Después nuestros políticos y funcionarios y nosotros mismos empezamos a viajar a los Estados Unidos y a admirar desde el avión los racimos ordenados de casas igualitas y las concentraciones de naves industriales y ya en tierra firme las formidables autopistas sin semáforos que unían las zonas residenciales con los grandes centros comerciales en un vaivén de flamantes autos en movimiento y estacionamientos en cada tienda o restaurante… y caímos en la trampa de creer que ese era el futuro urbano y que era bueno zonificar la ciudad: separar en zonas residenciales de acuerdo a criterios de densidad sinónimo de ingreso, agrupar las industrias, los comercios y los servicios por separado, y nos deslumbramos con este espejismo urbano que parecía perfecto y feliz en el que caminar y andar en bicicleta era anticuado, tercermundista y peligroso. Nos enamoramos perdidamente de este esquema al grado de llevarlo a códigos, normas, leyes y reglamentos que hoy obligan a funcionarios y constructores a replicarlo apegándose al pie de la letra al libreto perverso de la segregación y la sectorización, dando muerte certera a los usos mixtos, al barrio, a la creación de comunidades, a la convivencia sin clases, a la ciudad compartida y a la magia de una vida que estaba al alcance de nuestros pies, para cederle el paso y entregarle sin recato nuestra ciudad a la oleada imparable de autos que comenzaron a invadir como plaga calles y avenidas y a apropiarse de los espacios y los presupuestos.

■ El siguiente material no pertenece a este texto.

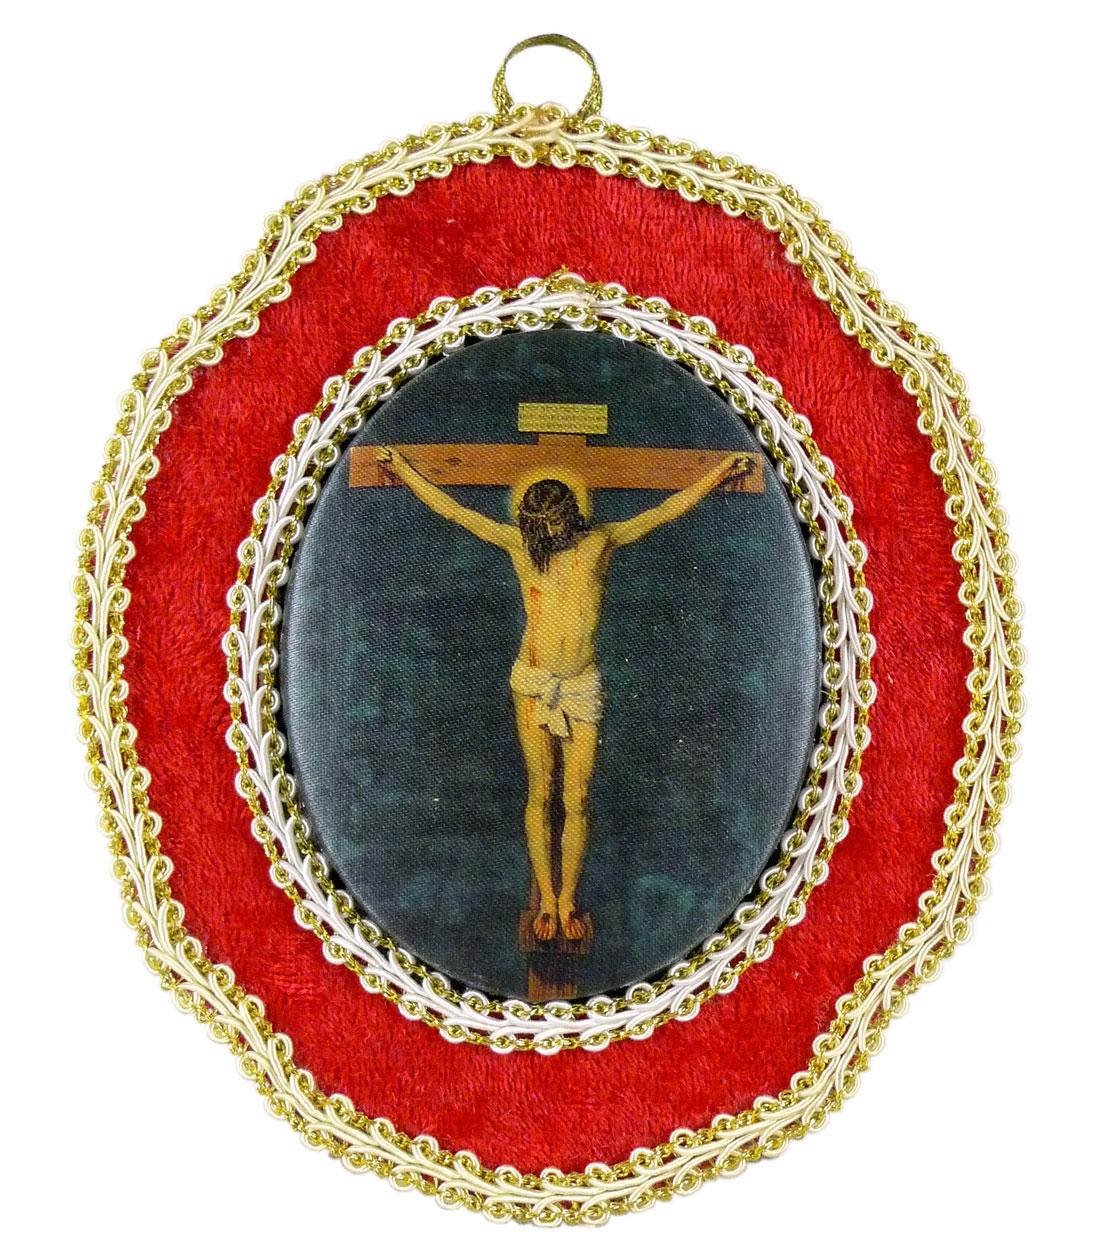 Bild, Jesus am Kreuz, Handarbeit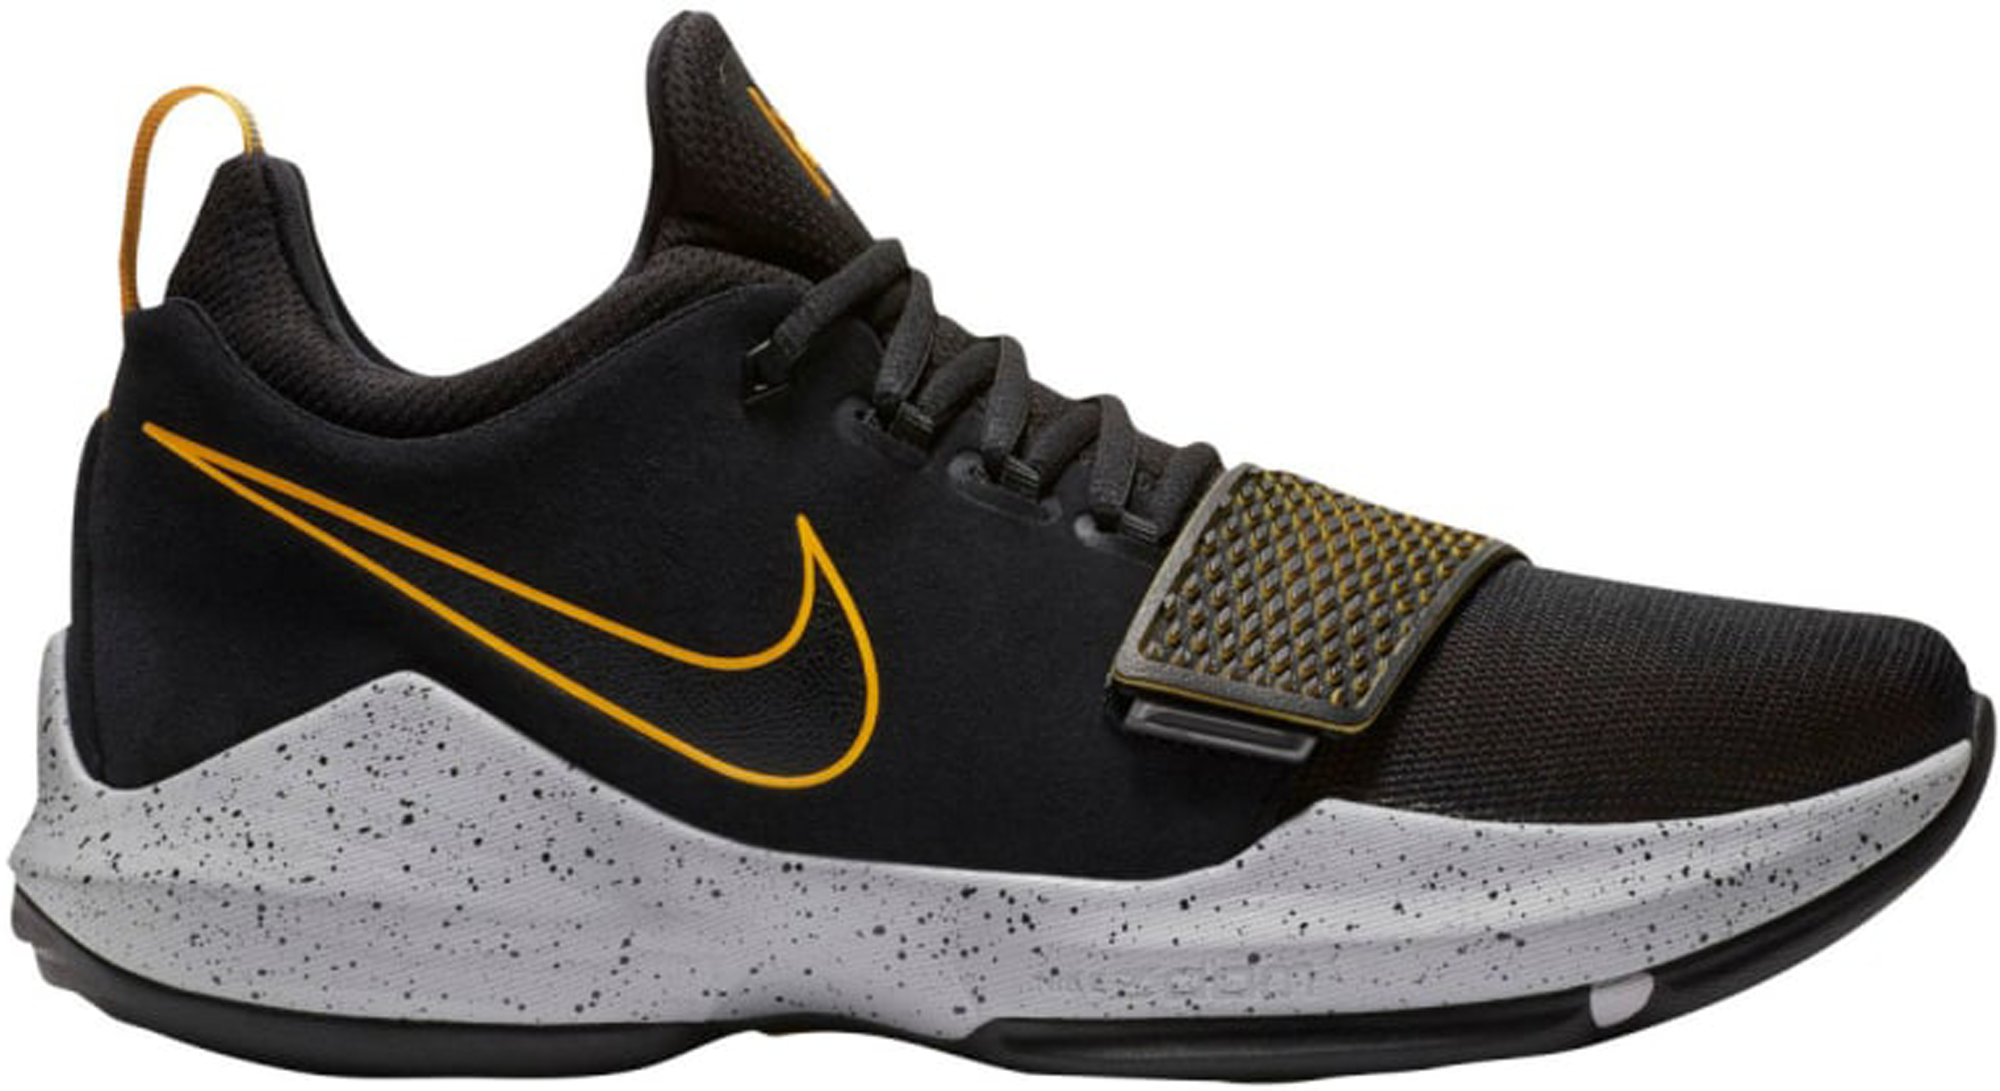 Nike PG 1 Black University Gold

El Iplaneg tiene por delante la gran tarea de modificar una vez más el código urbano, recién pero insuficientemente modificado, para proveerlo con las leyes, normas, manuales, reglamentos y herramientas indispensables que nos permitirán regresar al punto de partida que nunca debimos de haber dejado, al de construir ciudades que nos saquen de esta trampa y nos hagan revivir todas las cosas buenas que suceden cuando acercamos todas las cosas que podemos hacer caminando.